Fort de son succès aux Etats Unis, où L’Affaire Jane Eyre est devenu immédiatement un livre culte, Fforde continue la série avec trois romans : Le Début de la fin, Le Mystère du hareng saur et Petit enfer dans la bibliothèque (2007-2012). Cette seconde saison se situe 20 ans plus tard, et Thursday Next a bien du mal à mener une vie familiale cohérente. Le dernier roman de la série : Petit enfer dans la bibliothèque (The Woman Who Died a Lot) est introuvable à l’heure actuelle, épuisé dans la traduction française de 2014, sauf à le payer une fortune sur le marché de l’occasion. Avis aux anglicistes !
J’ai donc dévoré les 6 romans de la série, et je vous recommande cette plongée dans un imaginaire particulièrement riche et parfaitement déjanté.
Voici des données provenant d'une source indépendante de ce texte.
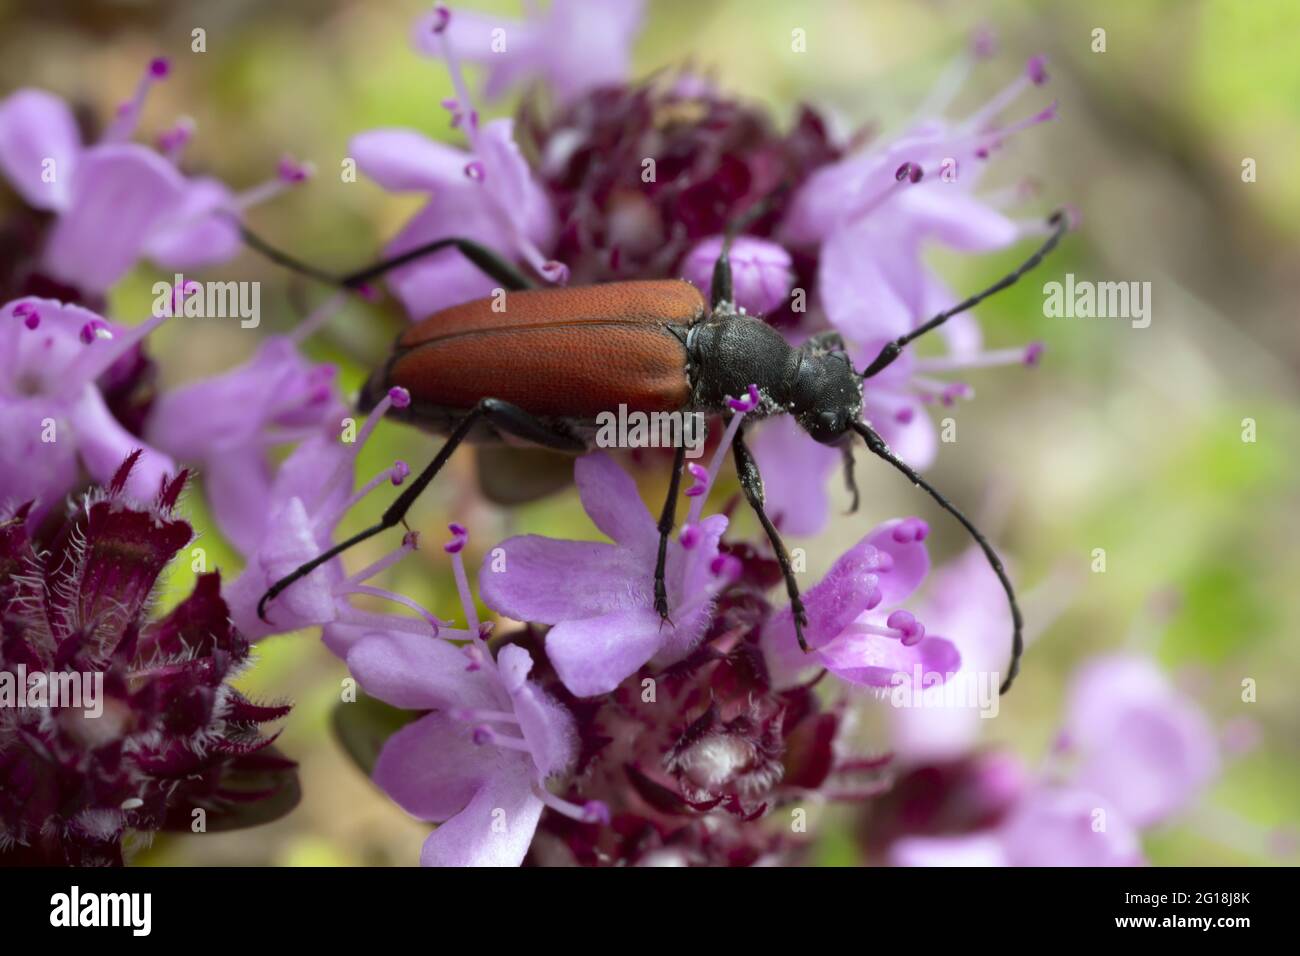 Anastrangalia long horn beetle feeding on breckland thyme Stock Photo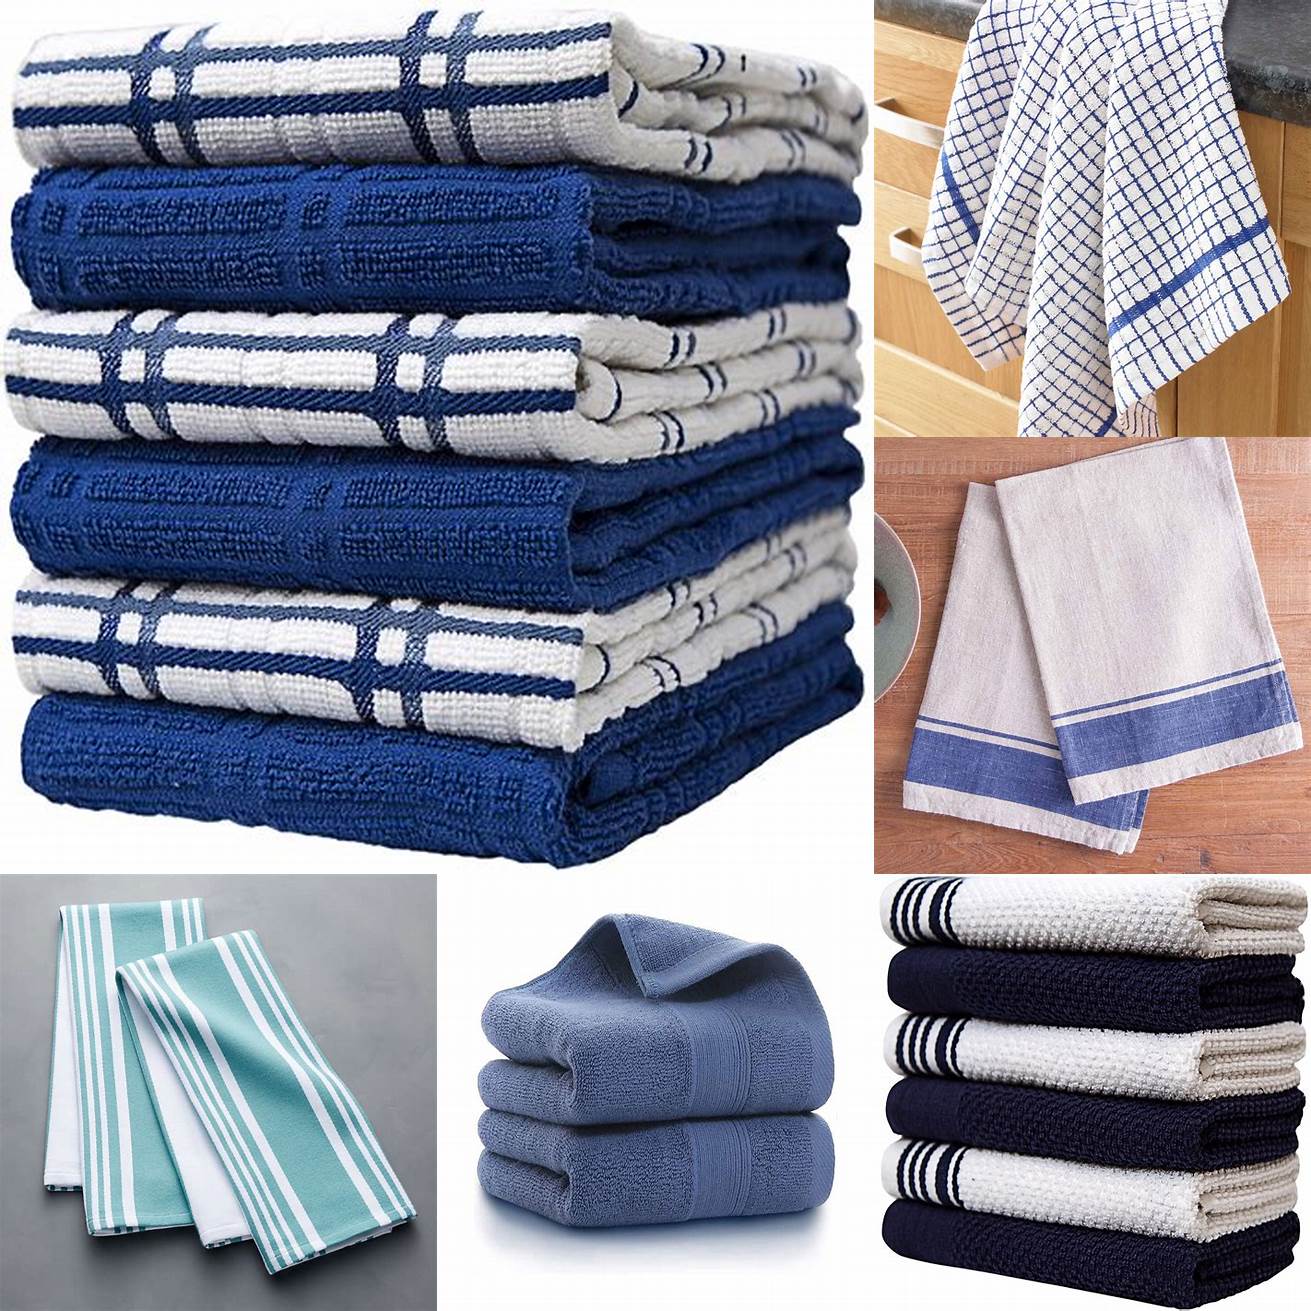 Blue kitchen towels

Fforde concocte une tambouille tout à fait réussie avec le policier et la SF, ce qui est rare pour un mélange des genres.
Nous sommes en 1985, dans une Angleterre républicaine, et dans un monde qui mêle la technologie futuriste et un passé victorien, sans être du steam punk néanmoins. Le parti Whig (XIXe siècle) existe toujours, le Tsar aussi, la guerre de Crimée dure depuis 30 ans. Mais on peut aller de Londres à Sydney en 40 minutes en empruntant le gravitube, qui passe par le noyau terrestre pour vous déposer de l’autre côté du globe. Swindon, la ville natale de Thursday Next, ressemble à une bourgade des années soixante, mais l’île de Man, siège de la multinationale Goliath la bien nommée est futuriste, alignant des immeubles dignes de la tour Califat et une technologie semblable à Coruscant. Le décor hétéroclite est agrémenté de créations génétiques d’espèces disparues : un dodo est le compagnon de Thursday, animal parfaitement idiot, des mammouths très encombrants ravagent routes et jardins, des hommes de Neandertal servent de manœuvres et sont la propriété de leur créateur Goliath. Ils sont considérés comme non humains et parviendront finalement à un statut plus juste, sans avoir néanmoins accès à la citoyenneté. Leur particularité : ils détectent immédiatement le mensonge par l’observation du langage corporel, leur moyen de communication privilégié. Leur tribu n’a guère d’admiration pour l’homo sapiens qui passe son temps à se mentir et à mentir aux autres.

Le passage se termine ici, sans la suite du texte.